North Carolina Is Growing, But Their Health Care Market Isn’t

Mar 3, 2026 by Nicholas Huff (Fall Intern)

Wake County, North Carolina is growing at a rapid pace. As the population expands, so too does the need for services of all kinds. One might reasonably expect that the health care market could respond the same way any other sector does: invest in the community, expand capacity, and compete to serve more customers. But unelected state bureaucrats just rejected much of the expansion proposed by Wake County health care providers. 

Under North Carolina’s certificate of need (CON) law, health care providers must get state permission before they can build new facilities or expand their current operations. Across multiple applications, providers requested 644 new hospital beds, but the state government approved only 267 beds. The other 377 requested beds were denied, including those tied to a new hospital. While the state approved a partial expansion, it is unlikely to be enough to meet the growing demand. In a rapidly growing county, limiting new beds means reduced capacity, longer waits, and fewer options for families seeking care close to home.
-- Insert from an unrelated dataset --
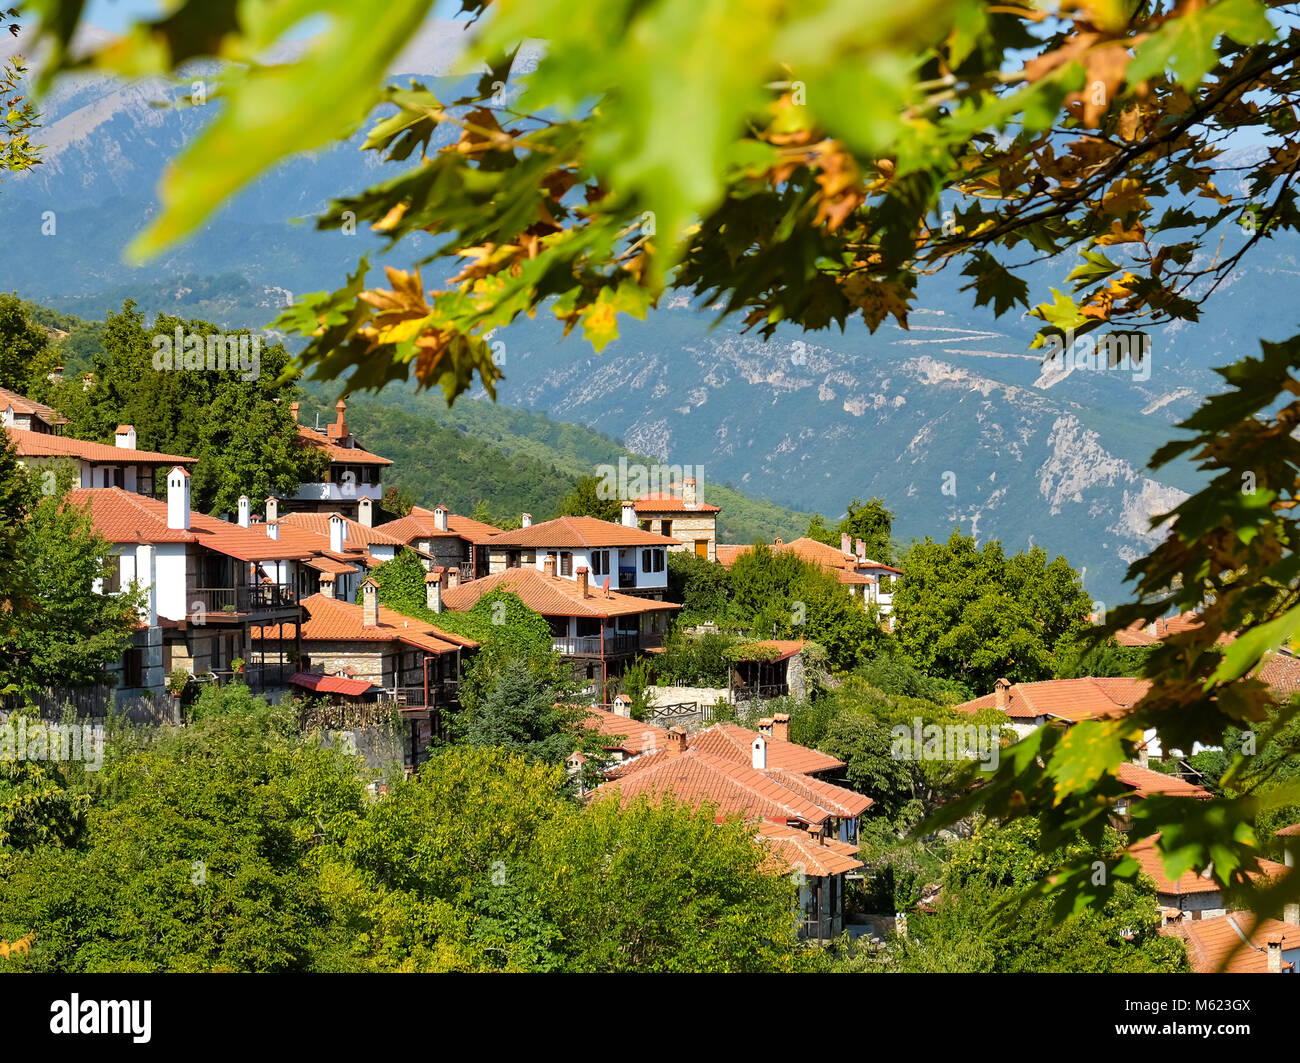 Palaios Panteleimonas Village in Leptokaria region Greece Stock Photo

In other words, despite Wake County’s rapid growth, state regulators rejected the projects because they exceeded what state planners determined was “needed.” 

Proponents of CON laws often argue the regulations prevent unnecessary or duplicative services, thereby keeping health care spending down. However, by requiring health care providers to receive approval before expanding their operations (a process which can take months to years to complete), the market is hindered from responding to an increase in demand for care in real time. The state’s health care capacity is instead dictated by regulators using arbitrary need determinations, rather than by providers investing and competing to meet patient demand.   

Wake County, and North Carolina broadly, serve as clear examples of the consequences of this approach. Research indicates that CON programs in the state led to about 12,900 fewer hospital beds. Given that North Carolina has among the strictest CON laws in the nation, it’s no surprise the state struggles with access to care, particularly in rural communities which are predominately categorized as health provider shortage areas. 

A recent story from Eastern North Carolina further highlights these access challenges. When Martin General Hospital — the only hospital in Martin County — suddenly closed, residents of the rural county lost their nearest emergency care provider. As a result, many people, including those who struggle with chronic conditions like diabetes and cancer, now face long drives for life-saving care. The loss of this provider shows how strained access already is in much of North Carolina and why restricting new capacity under CON only exacerbates the problem, making it harder for communities to recover.  

Critics rightly point out that state planning fails to reflect real-world demand in Wake County, one of North Carolina’s fastest-growing counties. Brian Balfour of the John Locke Foundation noted that “providers are far more in tune with the health care needs of the community than a committee of state regulators.” He added that patients are facing unnecessarily long emergency room wait times and difficulty accessing care, in large part due to CON. 

Not only do CON laws limit capacity, they also alter the incentives of the entire health care market. When new projects require government permission, incumbent providers are effectively shielded from competition, leaving patients with fewer choices. Federal officials have warned for years that these policies restrict competition and ultimately harm consumers. 

Overall, these laws restrict access by artificially limiting supply. If a region is growing, the sensible way to avoid overcrowding and long wait times is to expand capacity in the form of beds, staff, facilities, and services. When the state instead restricts supply, patients are deprived of the health care they need.  

Supporters of CON laws often argue that the regulations lower costs by preventing excess capacity. But basic economic theory tells us differently: limiting supply in the face of rising demand only pushes prices higher. A growing body of research confirms the harmful effects of CON laws, suggesting these policies increase costs, reduce access, increase wait times, and lower the quality of care. 

The federal government repealed its CON mandate 40 years ago, and many states have rolled back or entirely repealed their regulations since then. North Carolina, however, still relies on CON restrictions to the detriment of their residents. 

If the goal is more access and lower costs, the solution is straightforward: repeal CON laws and stop treating the provision of health care like a privilege that must be rationed. Wake County’s story shows the repercussions of these restrictions: when the government dictates how much health care is needed, patients suffer the consequences of a health care system with less competition, fewer options, and higher costs.  

Nicholas Huff is a policy intern at Americans for Prosperity.